» EXERCISE GOAL
Take the line with "Carved details on" as the first and the last line of the data as the end. Write out both and every line between exactly, except pictures.

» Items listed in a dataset
■ ■ ■ ■ ■ ■ ■
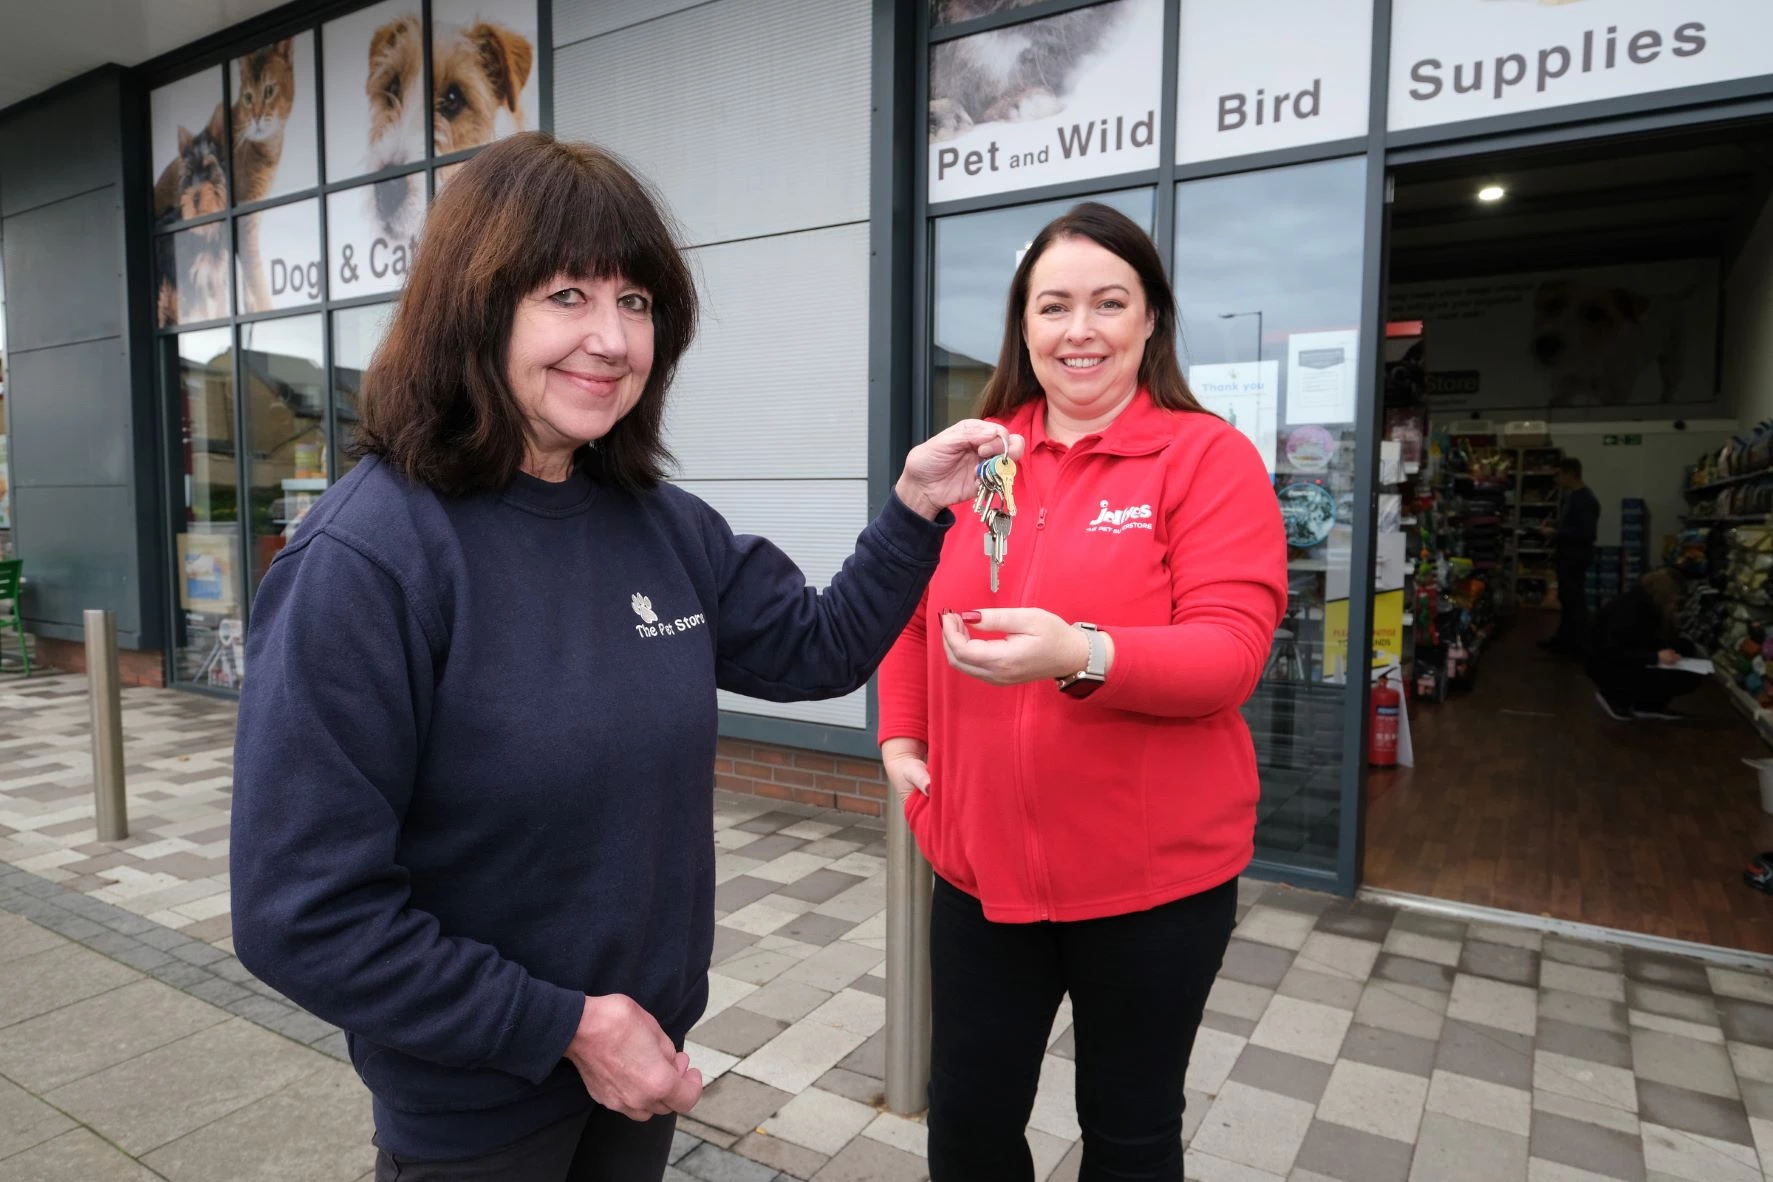 (L - R): Liz Bowers from The Pet Store with Jollyes area manager Sarah Farrar.
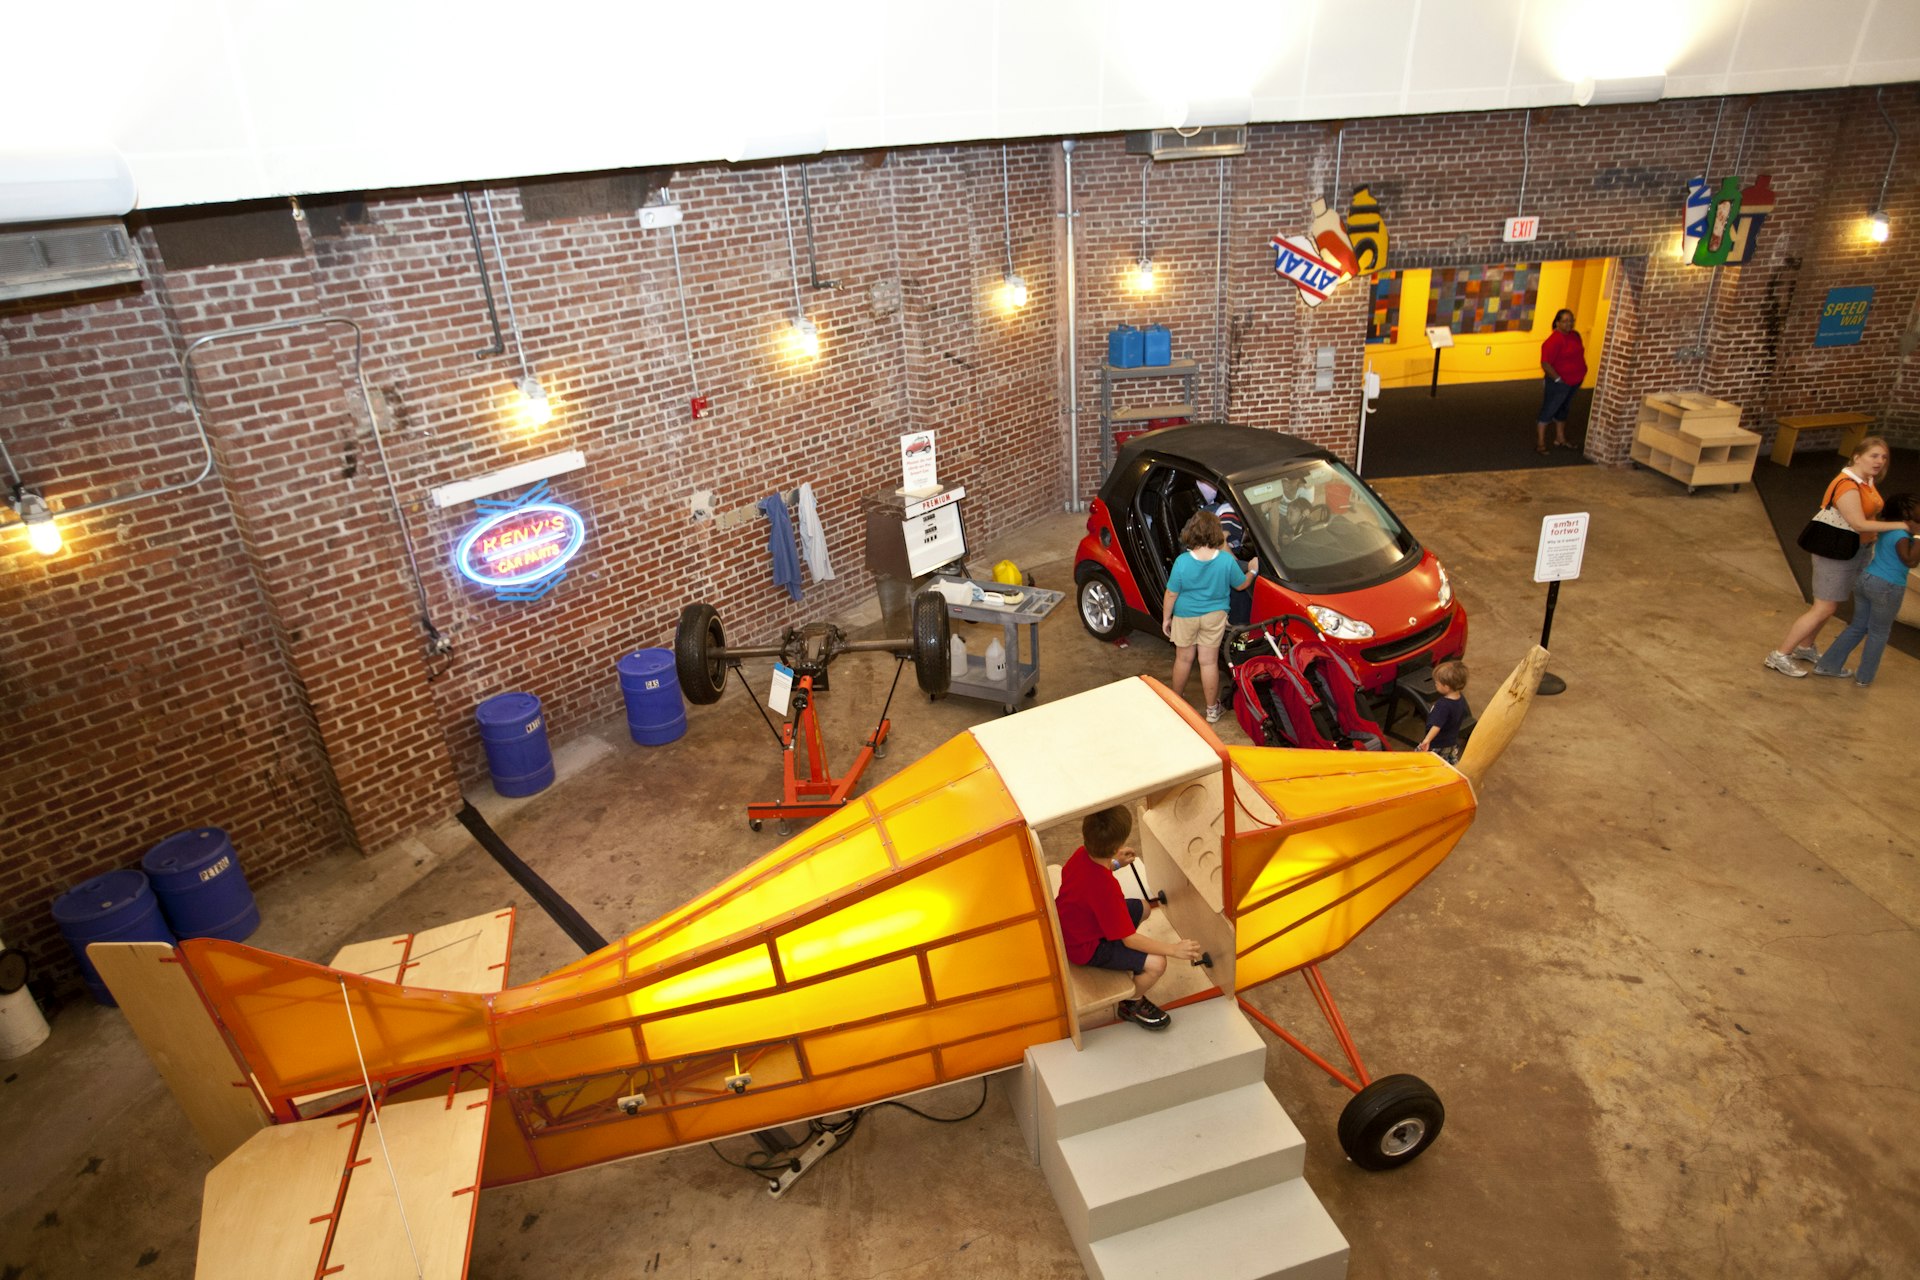 A little boy sits in a life size toy airplane while other children play with a small car at the Children's Museum of Pittsburgh
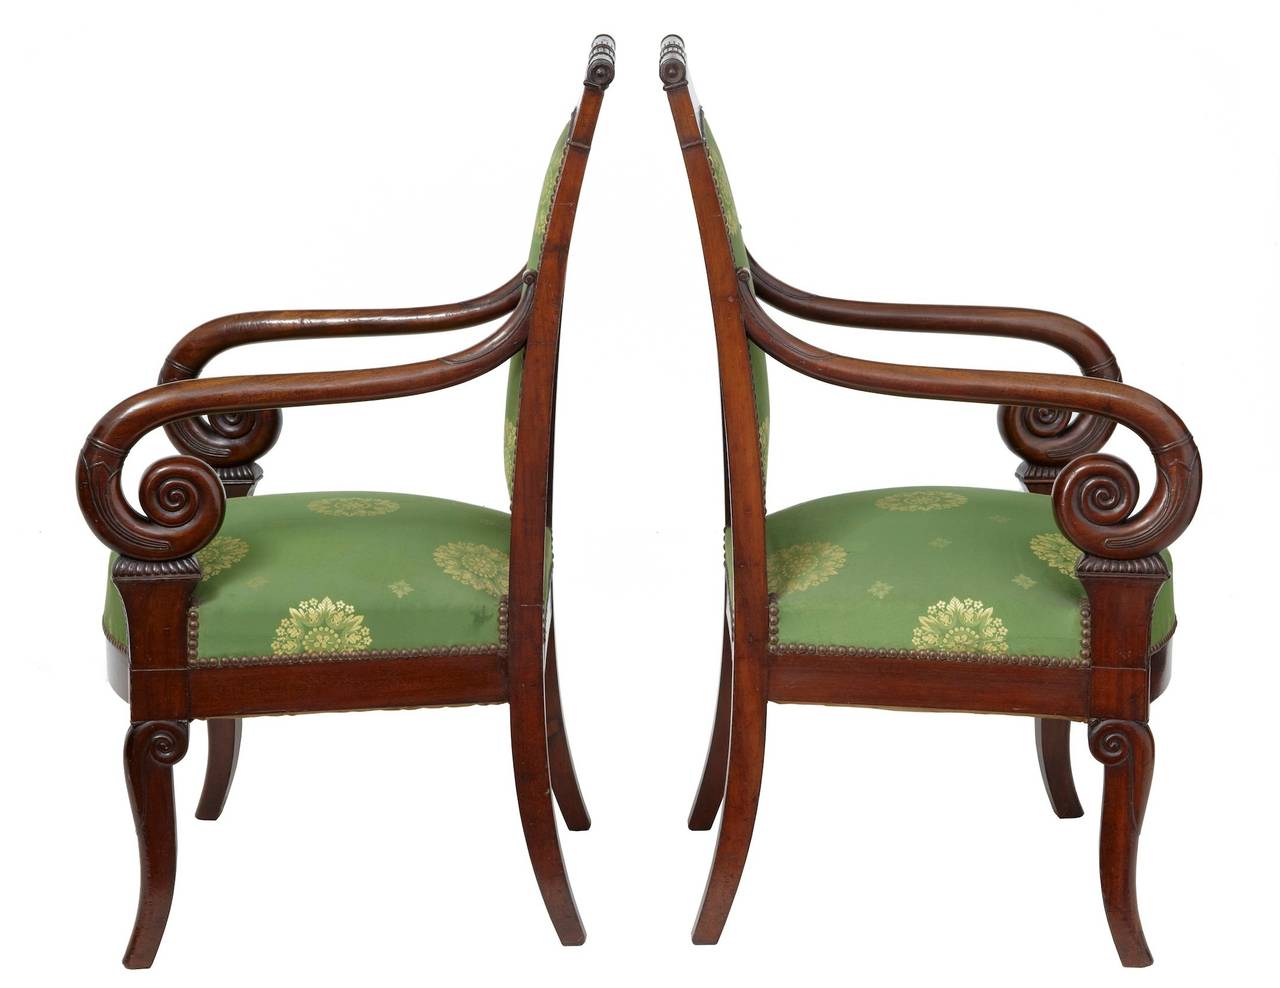 Superb pair of French empire armchairs circa 1830. 

Carved details on the back and scrolled arms. Upholstery in good order.
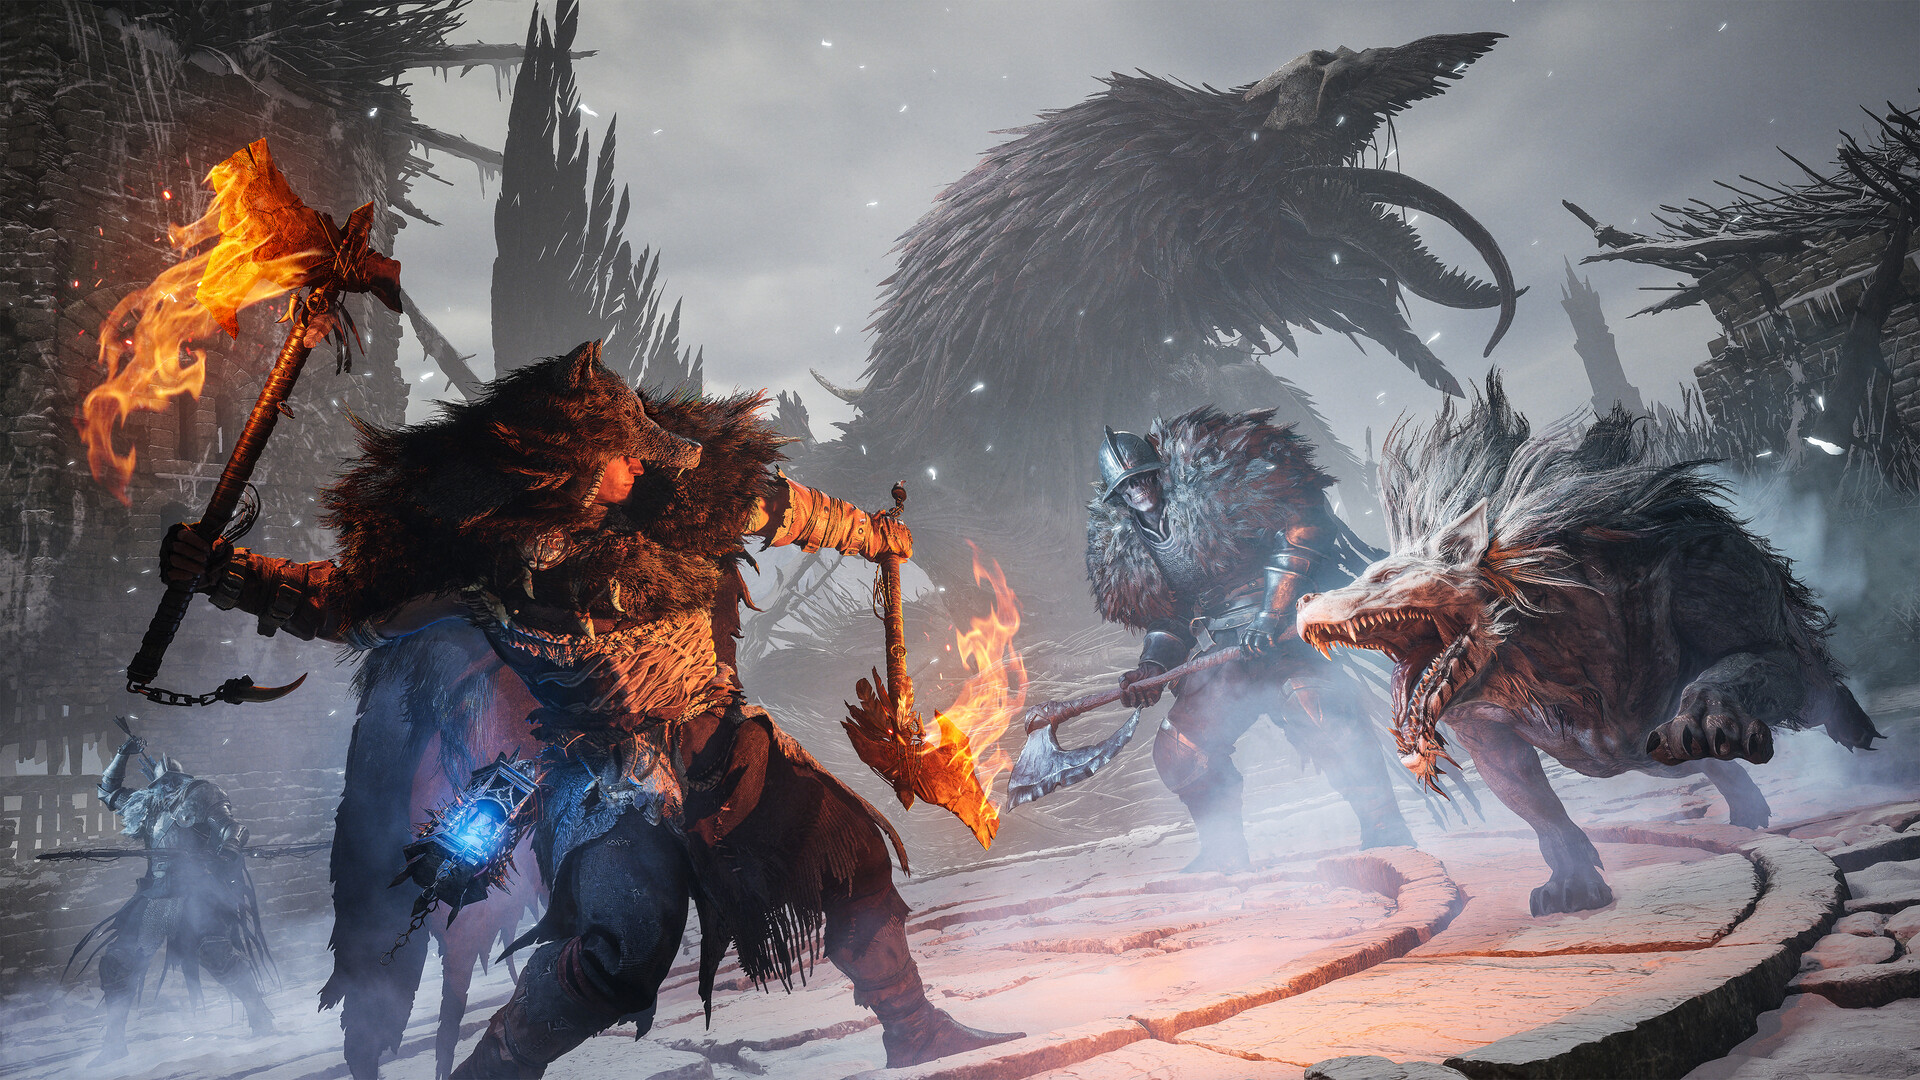 Lords of the Fallen requires a robust PC for even the minimum requirements
■ ■ ■ ■ ■ ■ ■
» RESPONSE
Carved details on the back and scrolled arms. Upholstery in good order.
 Lords of the Fallen requires a robust PC for even the minimum requirements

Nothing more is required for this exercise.